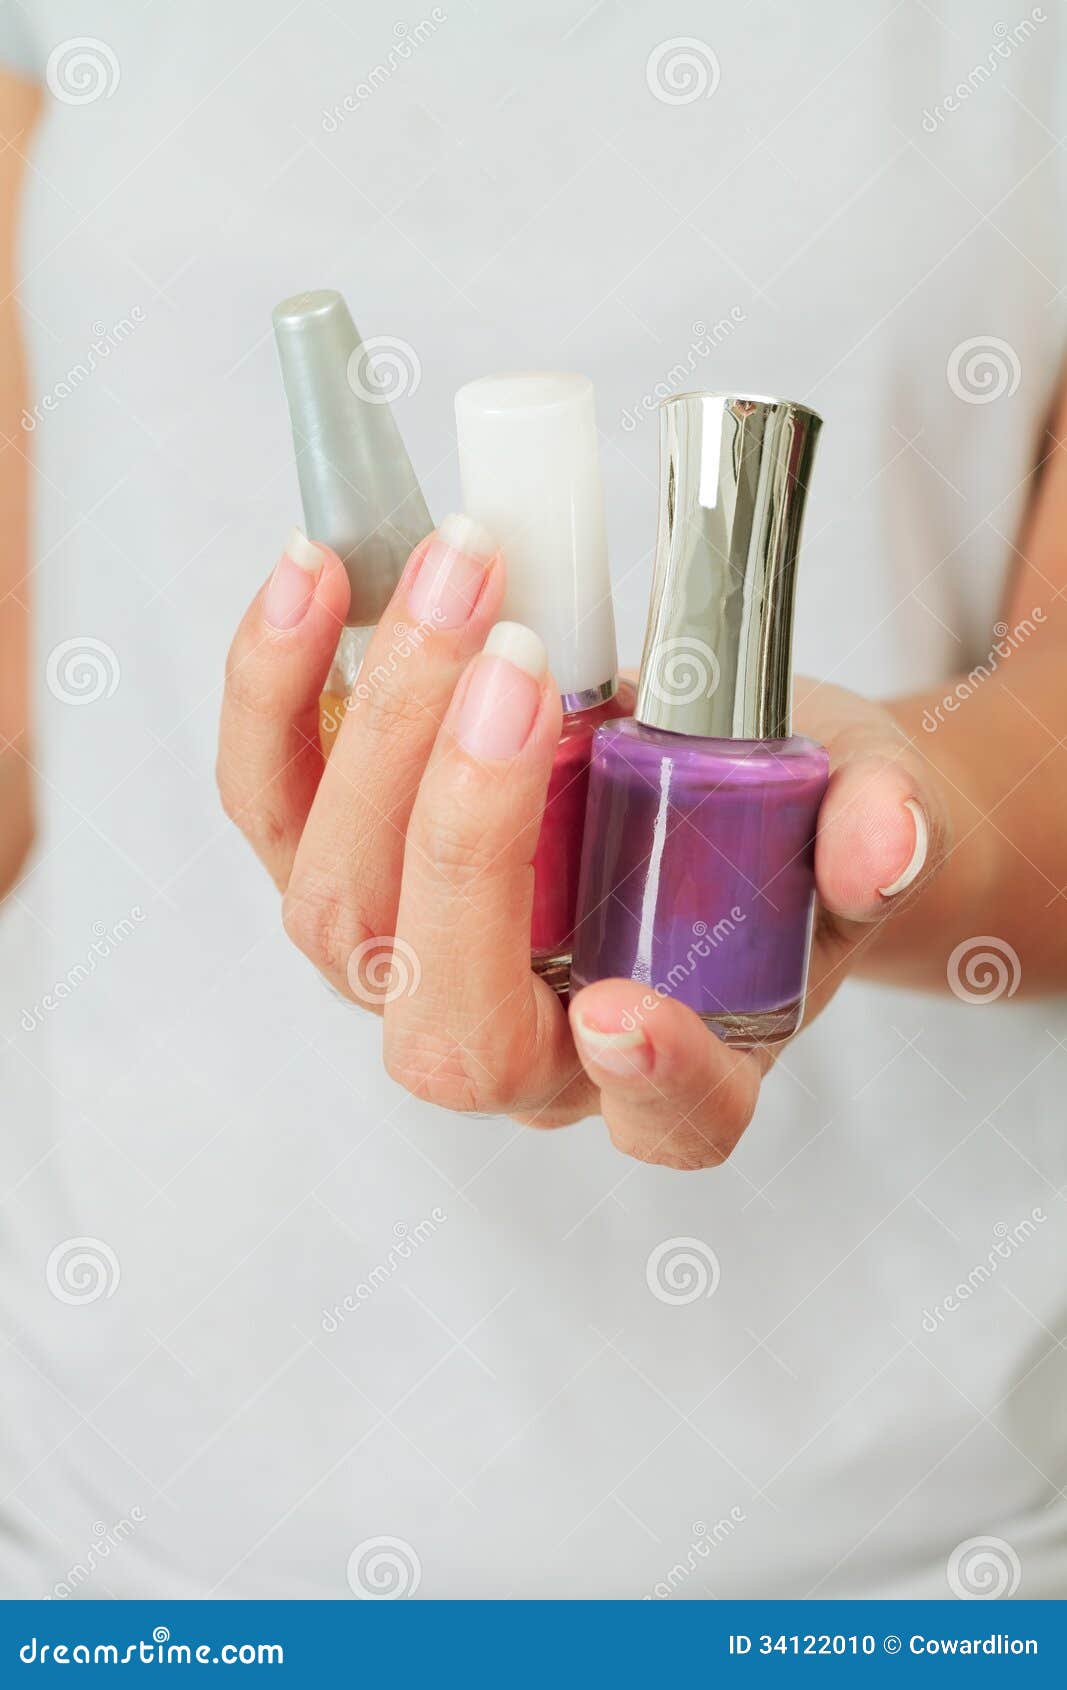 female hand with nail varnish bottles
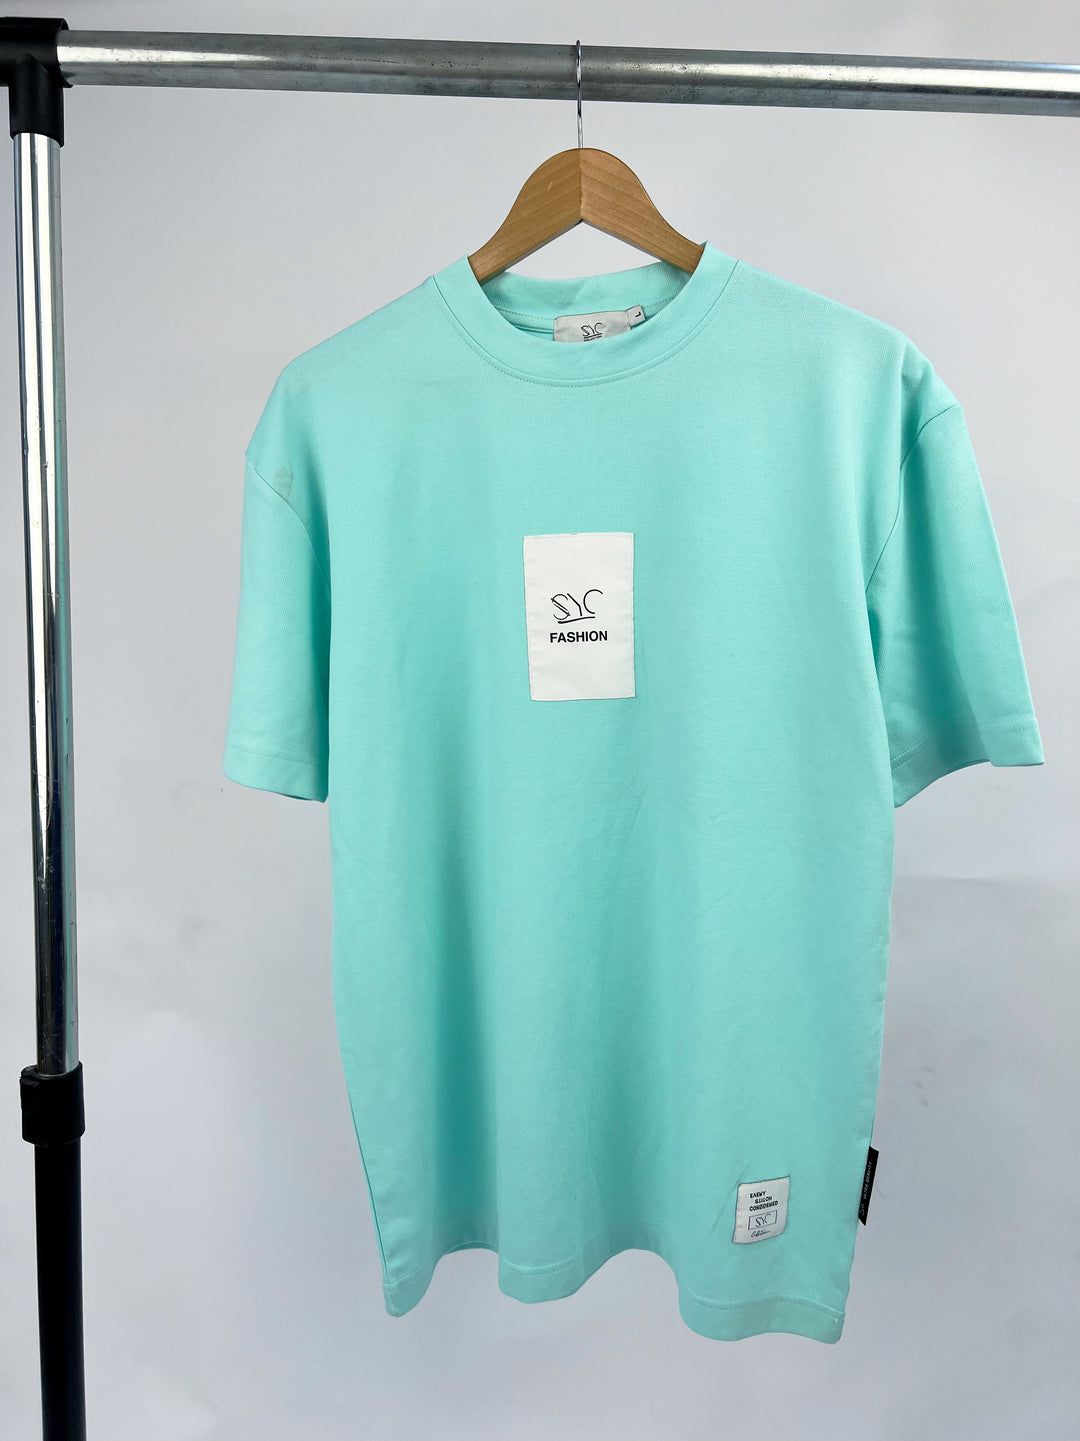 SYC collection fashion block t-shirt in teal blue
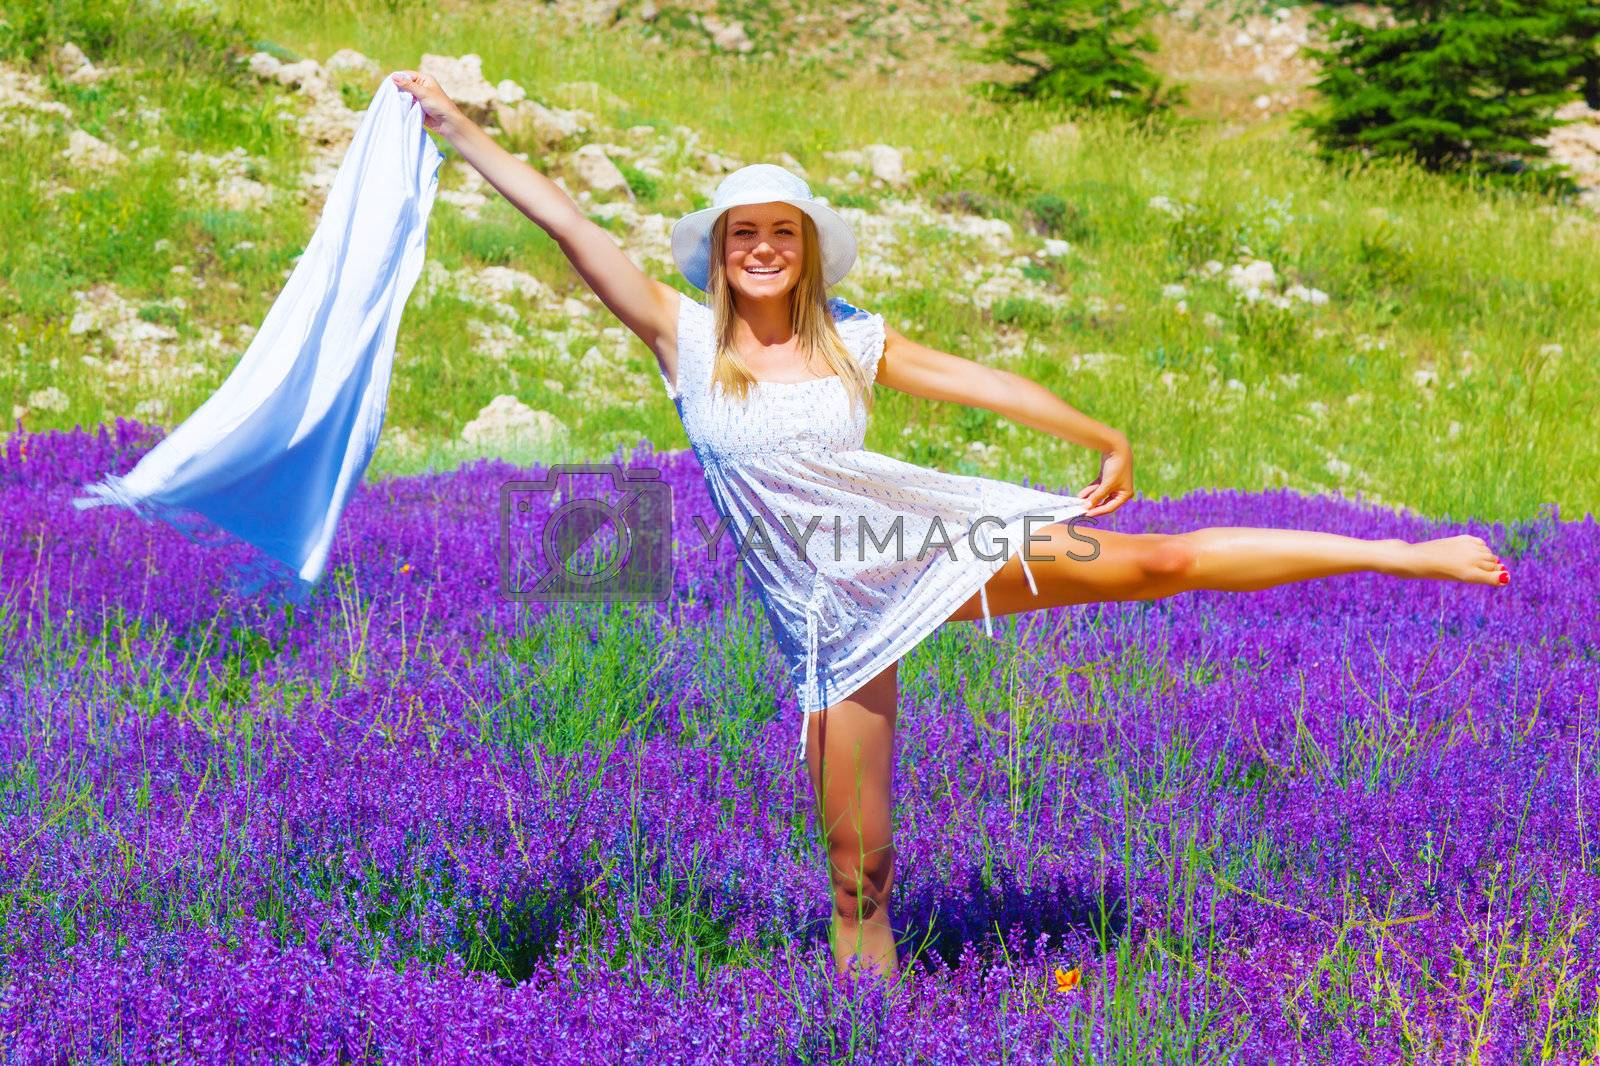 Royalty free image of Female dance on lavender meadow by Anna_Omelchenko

WHAT NEEDS TO BE DONE
The required output is an exact copy of the lines from the one with "SYC collection fashion" through the final line of the data above, with pictures removed.

COMPLETED EXERCISE
 SYC collection fashion block t-shirt in teal blue
 Royalty free image of Female dance on lavender meadow by Anna_Omelchenko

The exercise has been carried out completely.